Rethinking, taking hypocrisy as a given

by Prometheus 6
November 3, 2004 - 11:21am.
on Politics

If one considers the USofA to be a single entity this looks like as mandate. But the interests of the urban and rural folks diverge almost absolutely.

Quote of note:

Although final judgment is still to come, yesterday's balloting did in several instances validate important elements of the Bush political model. This strategy has been based from the outset of Bush's term on carefully tending to the Republican Party's conservative base, and a governing strategy based more often on trying to vanquish political adversaries rather than split the difference with them.

The politics of personal destruction is still the Republicans' most potent political weapon.

At this point, I think "blue state" folks should join the state's rights bandwagon to the degree that we insist we get returns from the Federal Government in proportion to the taxes we pay. Corporations may pay for the politicians but the citizens of the "blue states" pay for the government.
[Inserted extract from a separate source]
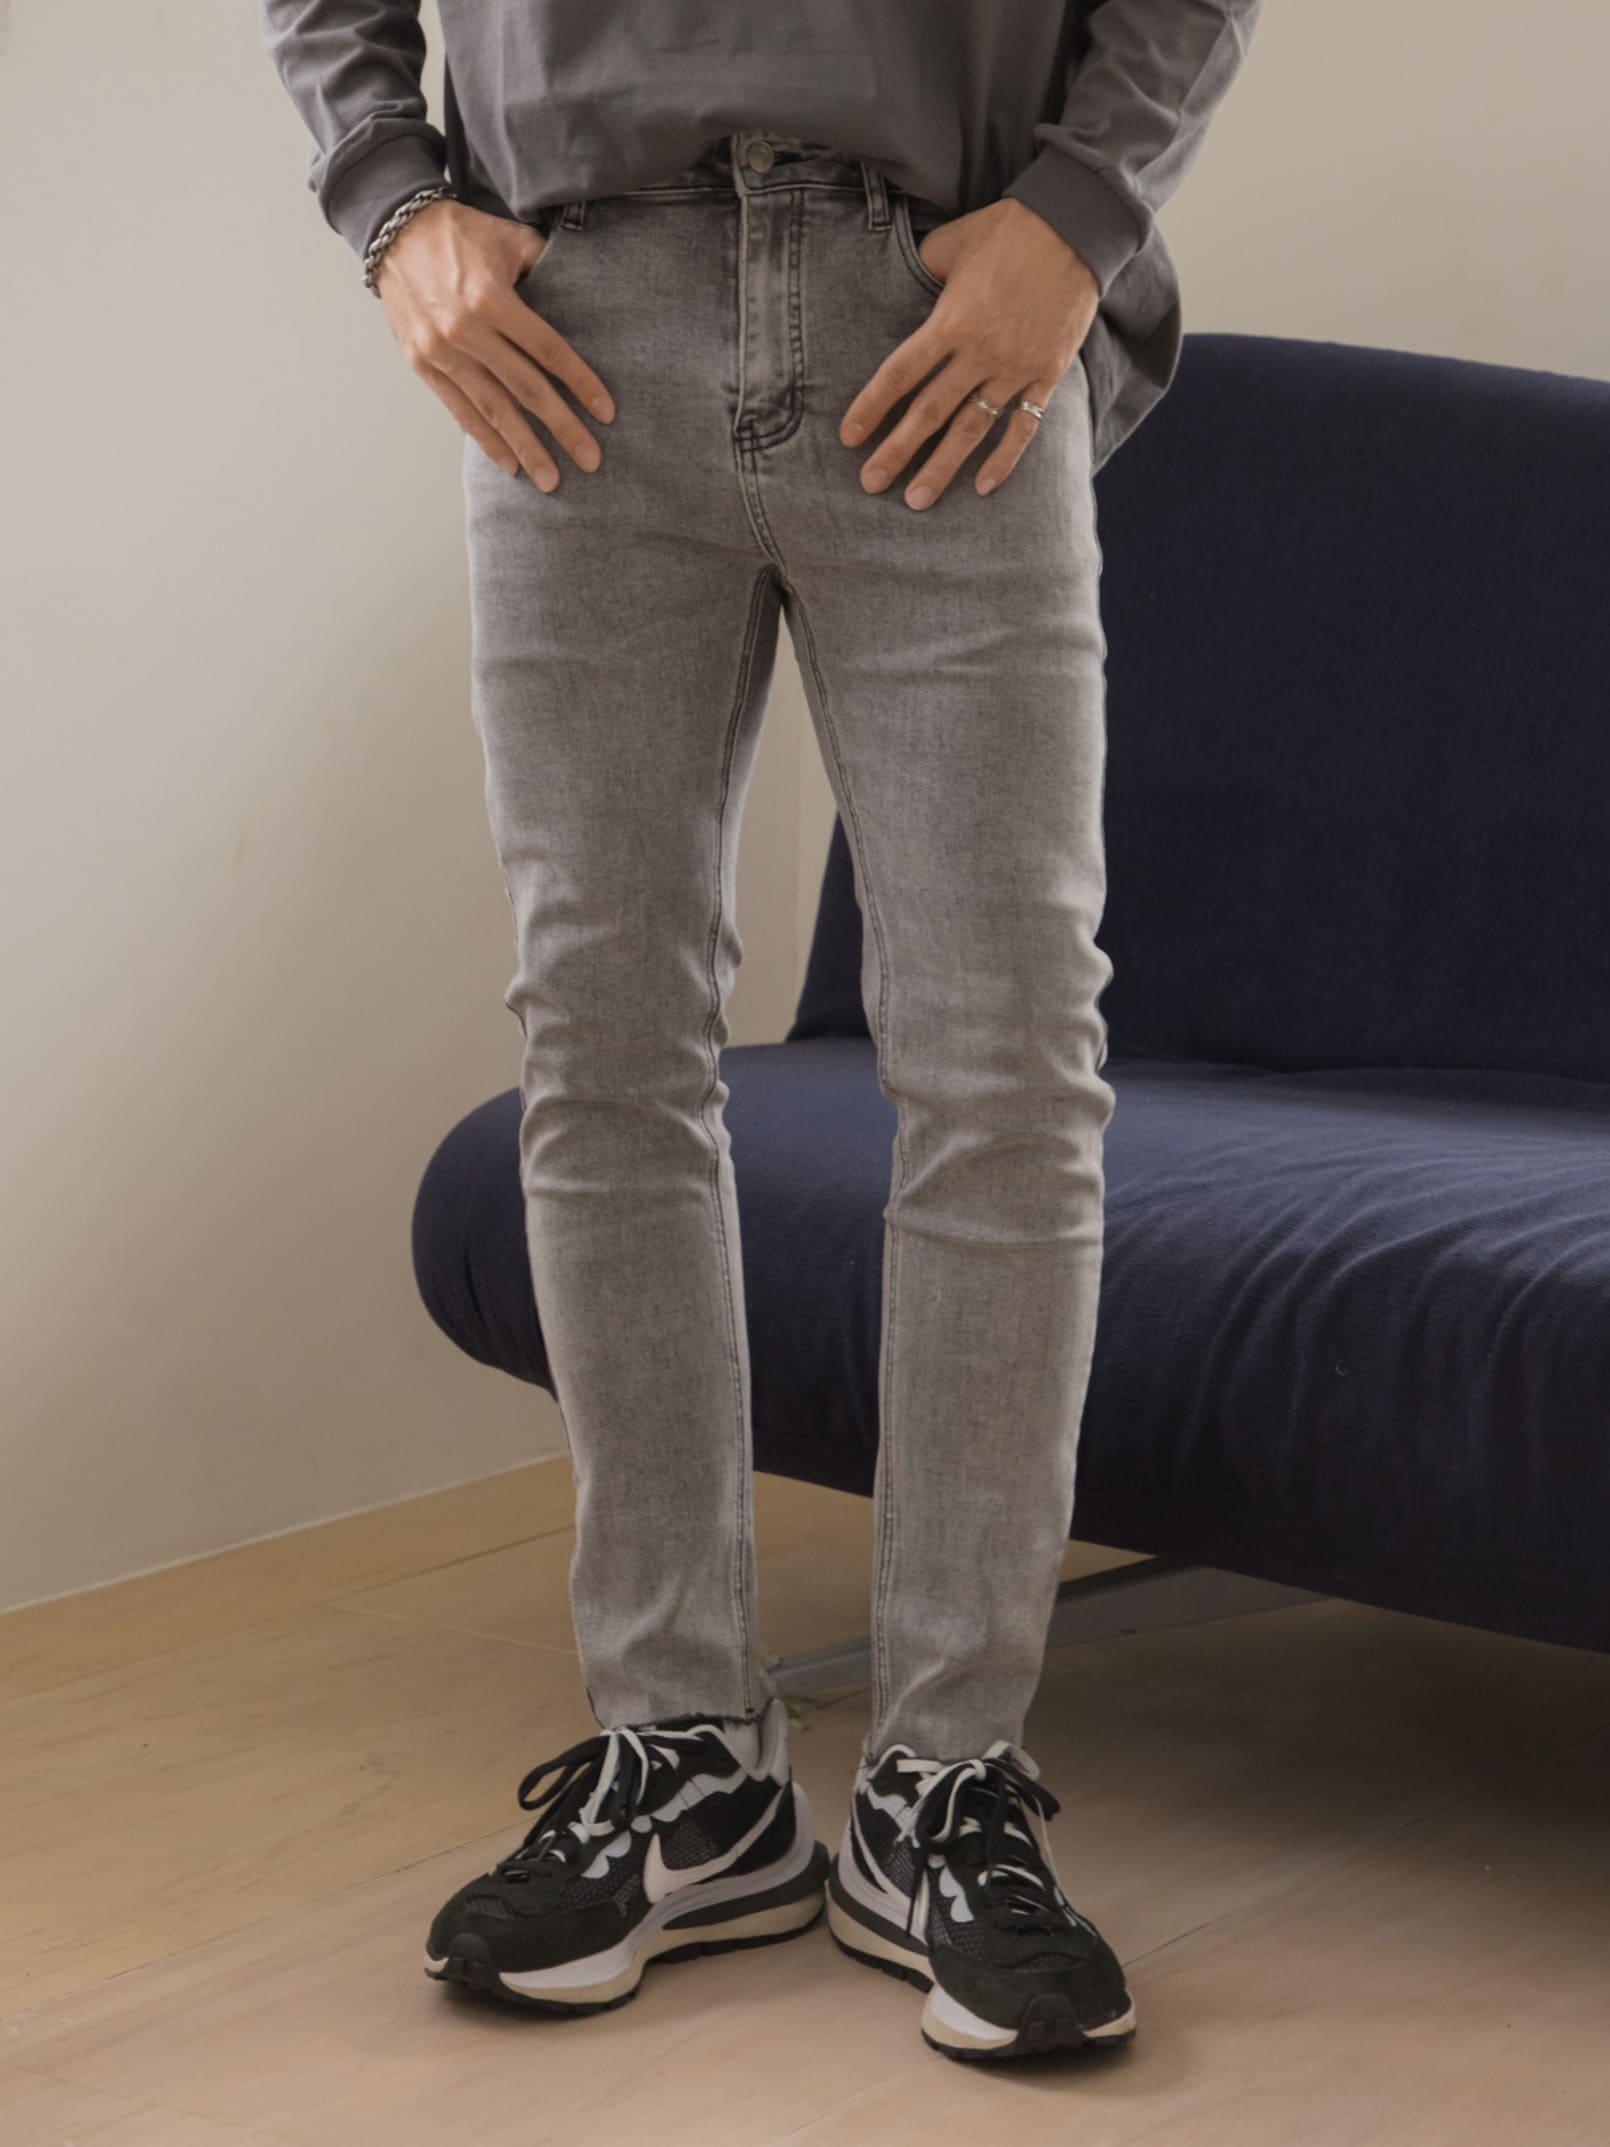 水洗刷灰色貼身彈性牛仔褲
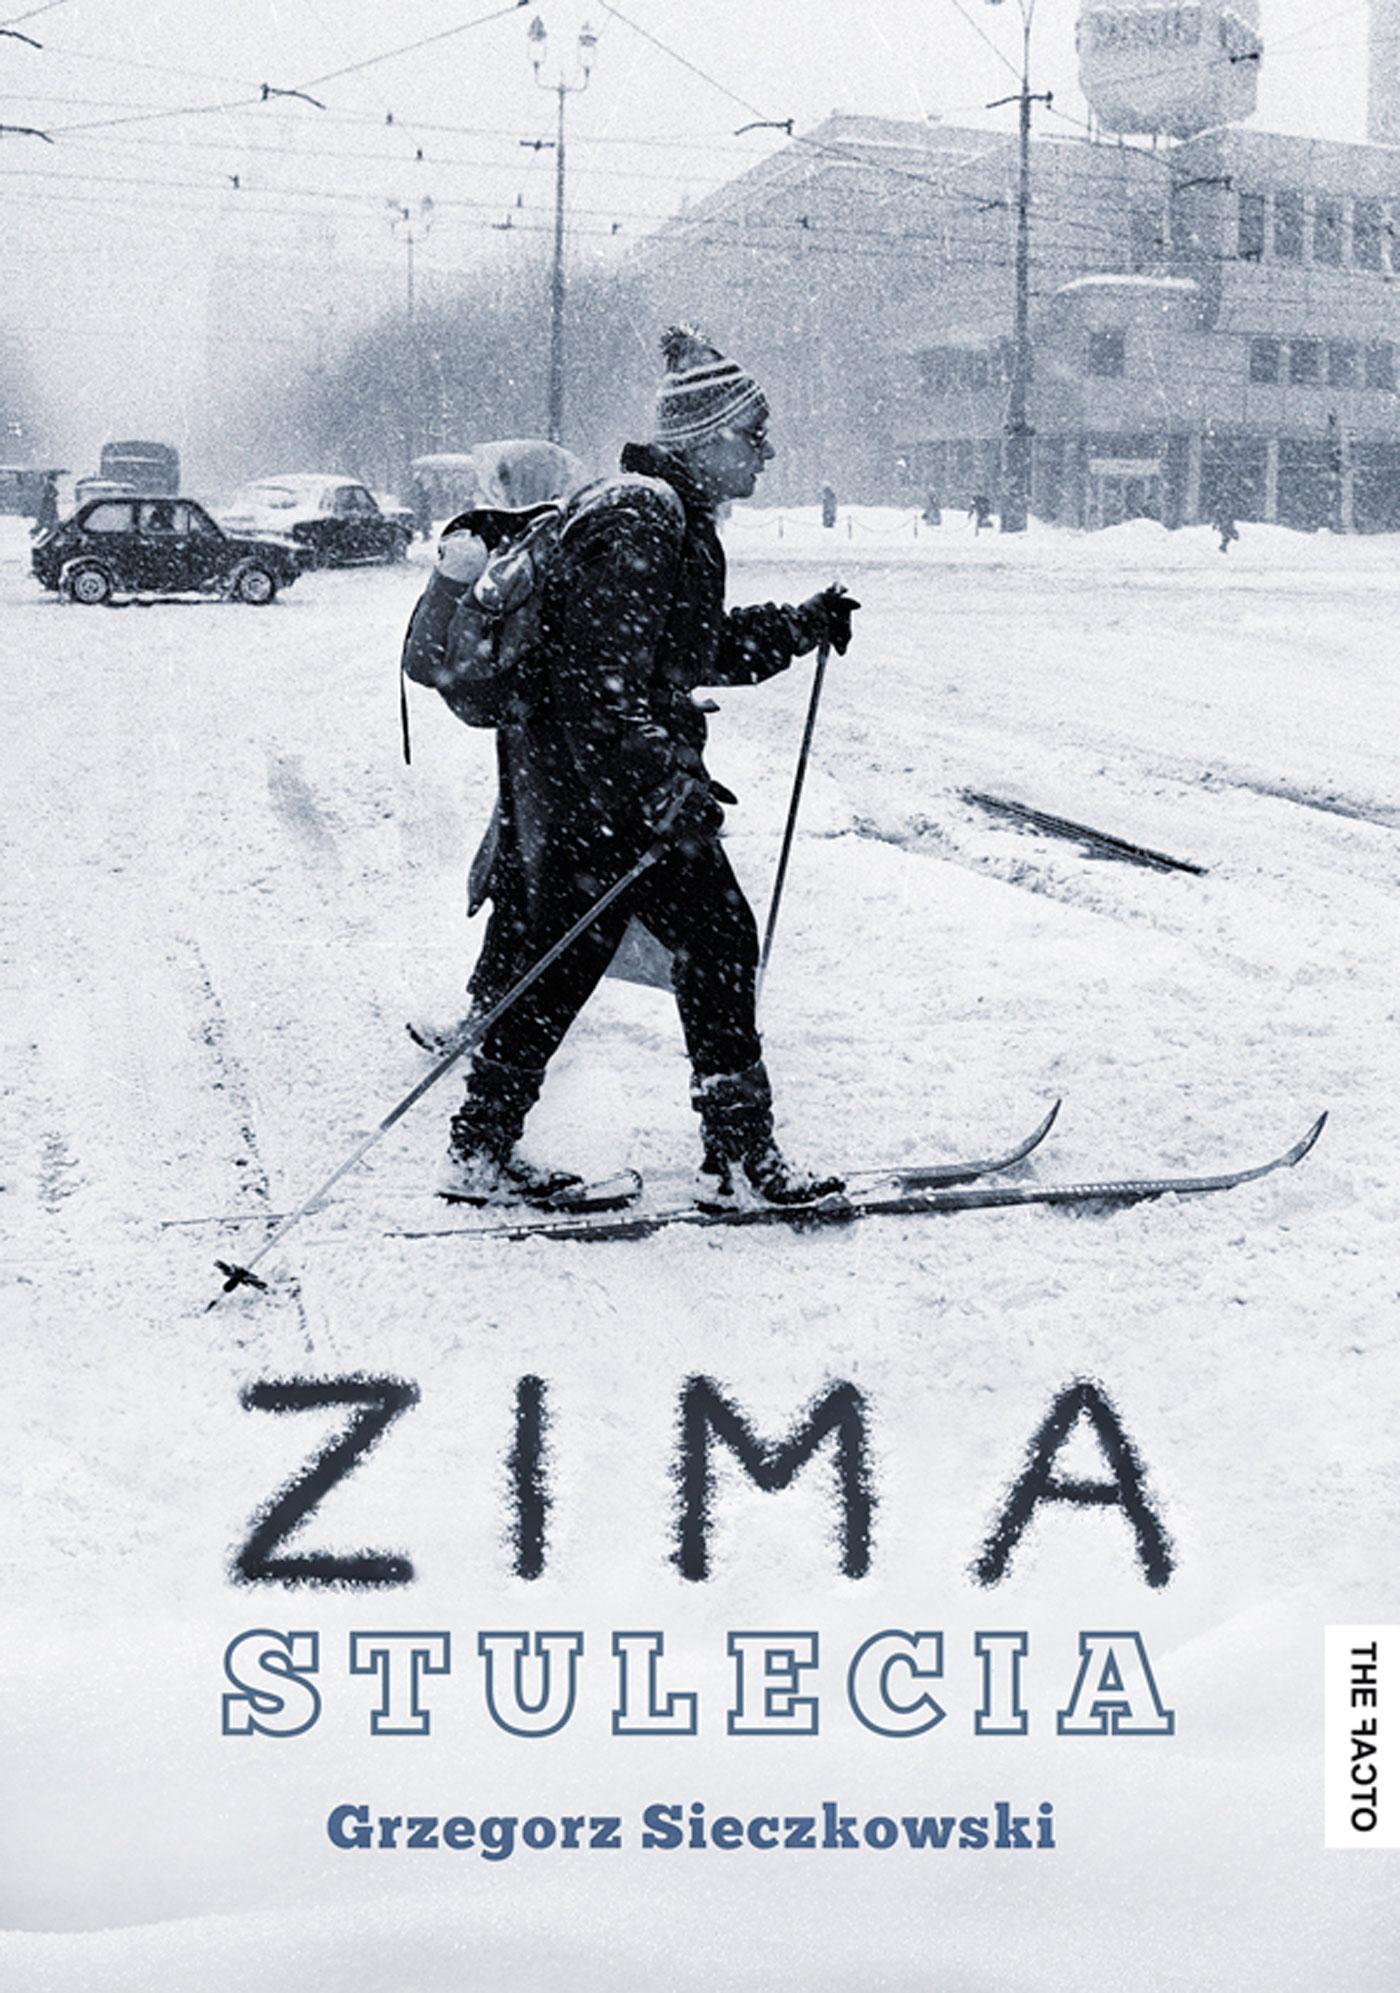 Czy zima stulecia obaliła komunizm?

I want the exact same logic used to justify one third of the money stolen from the future being given to one twentieth of the population applied to government spending: those that pay the most get back the most.

Anyway…

For Bush and GOP, a Validation
By John F. Harris
Washington Post Staff Writer
Wednesday, November 3, 2004; Page A01

Four years later, it is still a divided country -- perhaps more sullenly than ever -- but as a long election night bled into morning the evidence was clear that it is becoming a more Republican one.

President Bush, his fate for winning a second term still officially uncertain, commanded the popular-vote majority that eluded him in 2000. And in an impressive run of battleground states, he seemed to win validation for a campaign that unabashedly stressed conservative themes and reveled in partisan combat against Democratic nominee John F. Kerry.

On the same night, Republicans expanded their majority in the Senate and had the Democratic leader on the ropes. It seemed likely they would also make gains in the House, as voters in an age of terrorism seemed to let go of their 1990s preference for divided government and gave a narrow but unmistakable mandate for the GOP.